Evolutionary Biology and the Theory of Computing. simons.berkeley.edu/programs/evolution2014. Reported more in Natural Algorithms, this is a Simons Foundation program in the spring of 2014 whose organizers include Christos Papadimitriou and Leslie Valiant. Various seminars were Evolutionary Biology Boot Camp (January tutorial) with Eugene Koonin; Computational Theories of Evolution, Nick Barton organizer, with speakers such as Richard Watson, Chrisantha Fernando, Adi Livnat, and Steven Frank; and New Directions in Probabilistic Models of Evolution.

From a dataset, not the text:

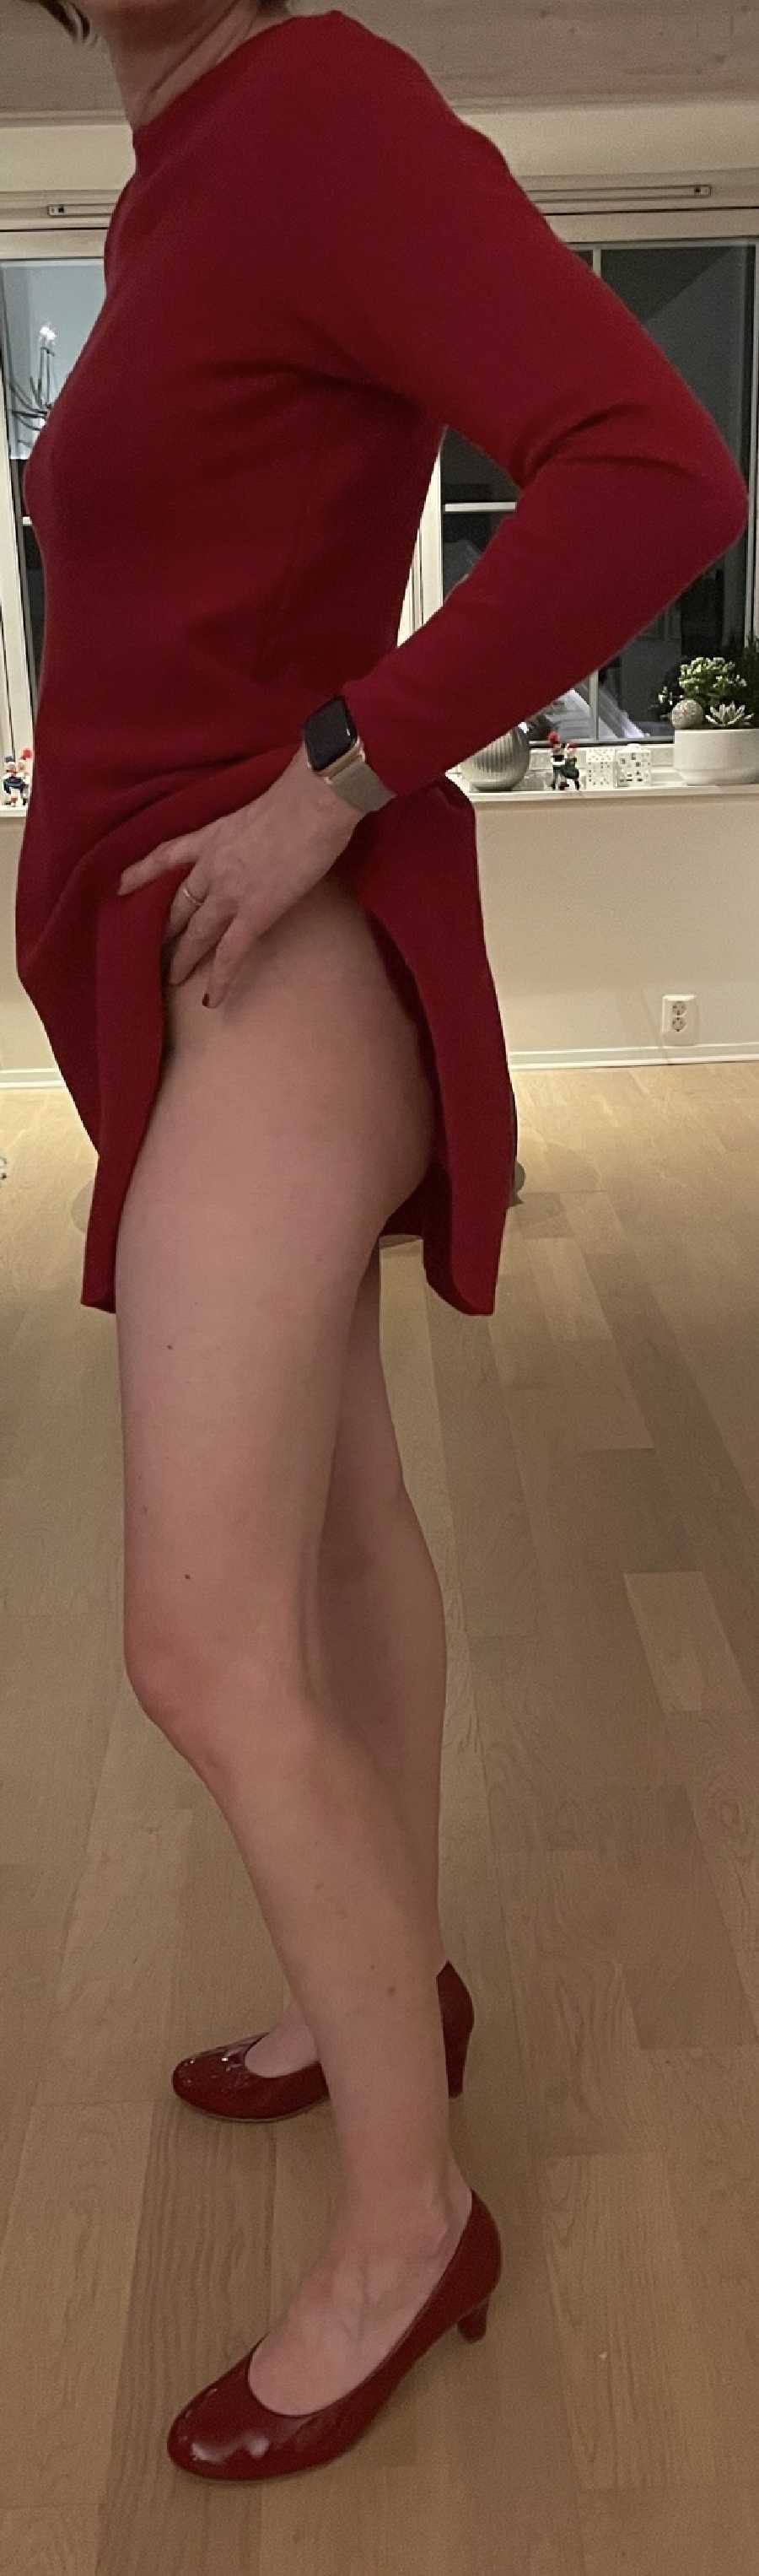 Red Dress/Shoes, no Panties

Azulay, Aharon, et al. The C. elegans Connectome Consists of Homogenous Circuits with Defined Functional Roles. PLoS Computational Biology. Online September, 2016. At the frontier of integral syntheses across cerebral, social, and cognitive evolution, Hebrew University, Jerusalem, geneticists and neuroscientists distill from neural network complexities a common, independent principle which is at work from Internet media and human brains to this multicellular roundworm. To reflect and appreciate, a designated “connectome” can be seen in ramifying effect across life’s episodic emergence. See also in this section The Multilayer Connectome of Caenorhabditis elegans by Bentley, et al for a similar study.
A major goal of systems neuroscience is to decipher the structure-function relationship in neural networks. Here we study network functionality in light of the common-neighbor-rule (CNR) in which a pair of neurons is more likely to be connected the more common neighbors it shares. Focusing on the fully-mapped neural network of C. elegans worms, we establish that the CNR is an emerging property in this connectome. Moreover, sets of common neighbors form homogenous structures that appear in defined layers of the network. Simulations of signal propagation reveal their potential functional roles: signal amplification and short-term memory at the sensory/inter-neuron layer, and synchronized activity at the motoneuron layer supporting coordinated movement. A coarse-grained view of the neural network based on homogenous connected sets alone reveals a simple modular network architecture that is intuitive to understand. These findings provide a novel framework for analyzing larger, more complex, connectomes once these become available. (Abstract)
Bentley, Barry, et al. The Multilayer Connectome of Caenorhabditis elegans.. arXiv:1608.08793. A six person team from the MRC Laboratory of Molecular Biology, Cambridge, UK and Cambridge University, including neuroscientist Edward Bullmore, explore some ways in which neural networks, as a prototypical nonlinear system, can equally apply to the rudimentary sensory circuit of this roundworm phylum. And these many 2016 correlations across natural scales seem to find a generic dynamic complexity in the guise of a cerebral icon with an “omics” suffix which is effect from a quickening uniVerse to our human epitome.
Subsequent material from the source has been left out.